I guess we could have figured it out from the very definition of SSL, but to me it appeared only clearly at the beginning of this year. With this number of protocols using SSL, with this everyday HTTPS, with everyone buying things on the Internet, the SSL protocol spread to ubiquity and its use went from precise pieces of software and knowledgeable people to every kind of software and mainstream people. From this situation, I saw the explosion of:
- bad implementations of SSL in all kinds of software,
- attempts to attack the protocol, new (so to say) man-in-the-middle attacks,
- bad uses of SSL (weak cypher, self-signed certificates for public use, etc)
- impatience from top management about the inability of IT services to provide statistics about the SSL traffic of their employees.
My point is: it's not a secure practice yet, and probably never will.
There are two parts in my argument, the first is the legal and compliance point of view.
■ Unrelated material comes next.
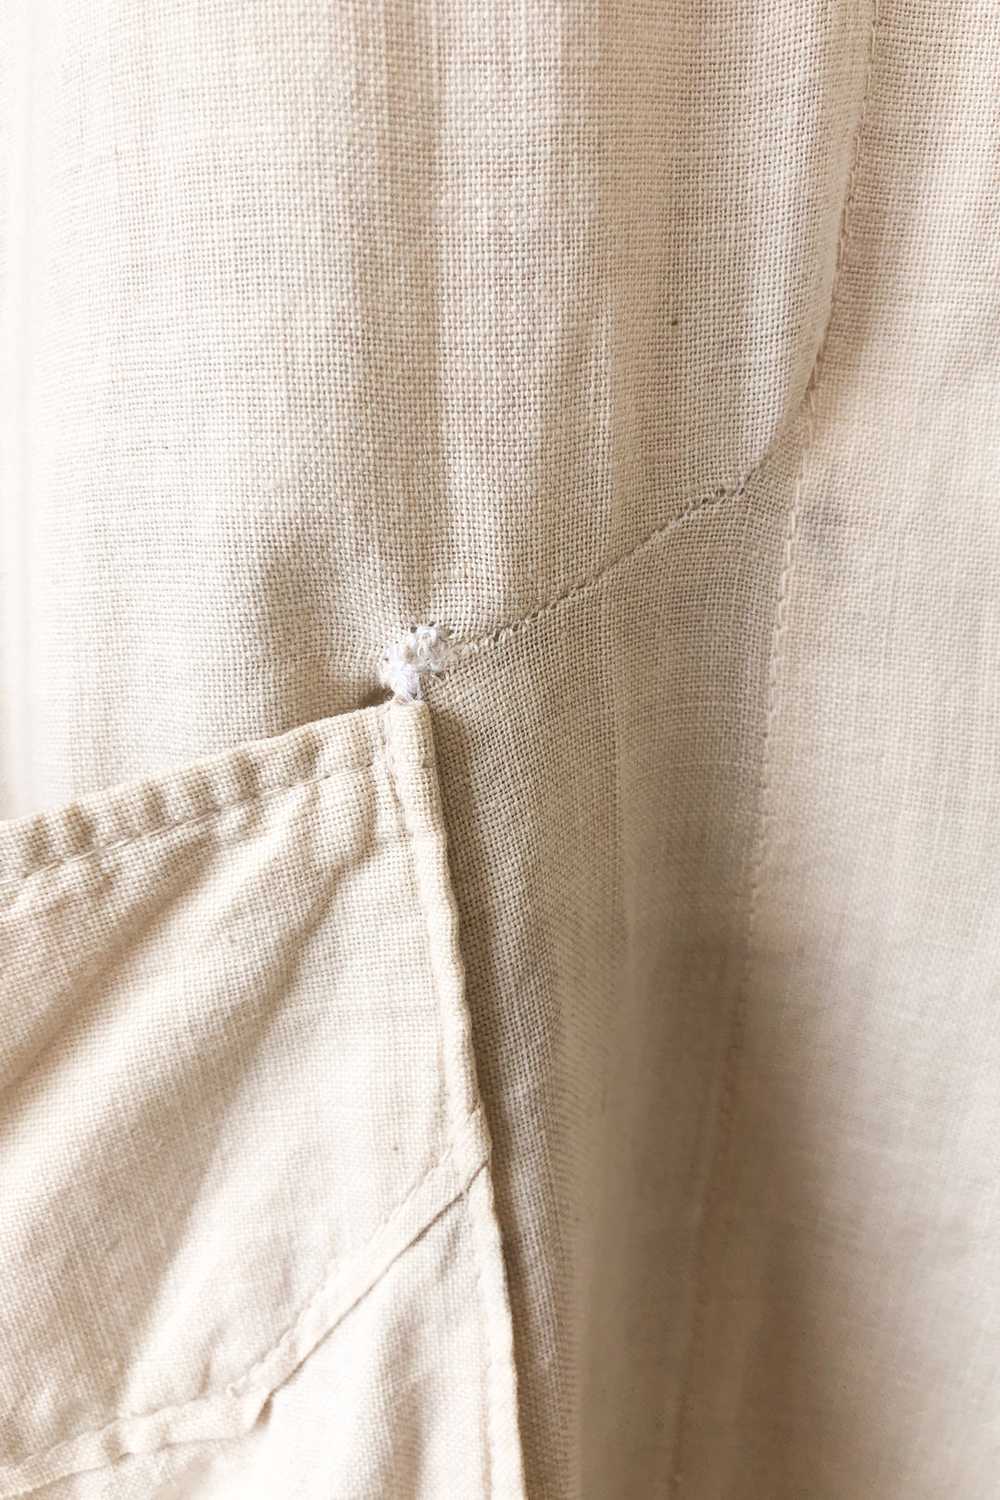 Vintage White Cotton Duster Coat - image 9

If SSL is encrypted, it's in order not to be read, as dumb as it may sound. The company might not be allowed, under the laws of the country, to listen to employees' encrypted traffic. For instance, in France, I wouldn't be allowed to listen to private connections to online banking sites. Plus it brings back the threat of the tactless/malevolent administrator.
The second part is the technological one. SSL is ubiquitous and, to some extent, that's a chance. It means that the client software may have a variety of vulnerabilities and weaknesses in the implementation of SSL. For instance, if the SSL traffic flows from three browsers, two media players, ten business applications, then a vulnerability would probably affect only one in fifteen pieces of software using SSL. The targetability of unproxyfied SSL can grossly be compared to the average of vulnerabilities of the various pieces of software that use it. The targetability of proxyfied SSL is that of the proxy.
Would you trust ISA better than Firefox? Suppose that you have an endpoint tool that examines SSL, if its security features are better than those of the proxy, you probably lose these capabilities during the decryption/encryption phase of the proxyfication.
Of course, SSL remains a cloudy mystery, threatening to some extent, but I think this is not the good way out of it. But let's have a look at these technos, because I'm sure we'll have to cope with them anyway.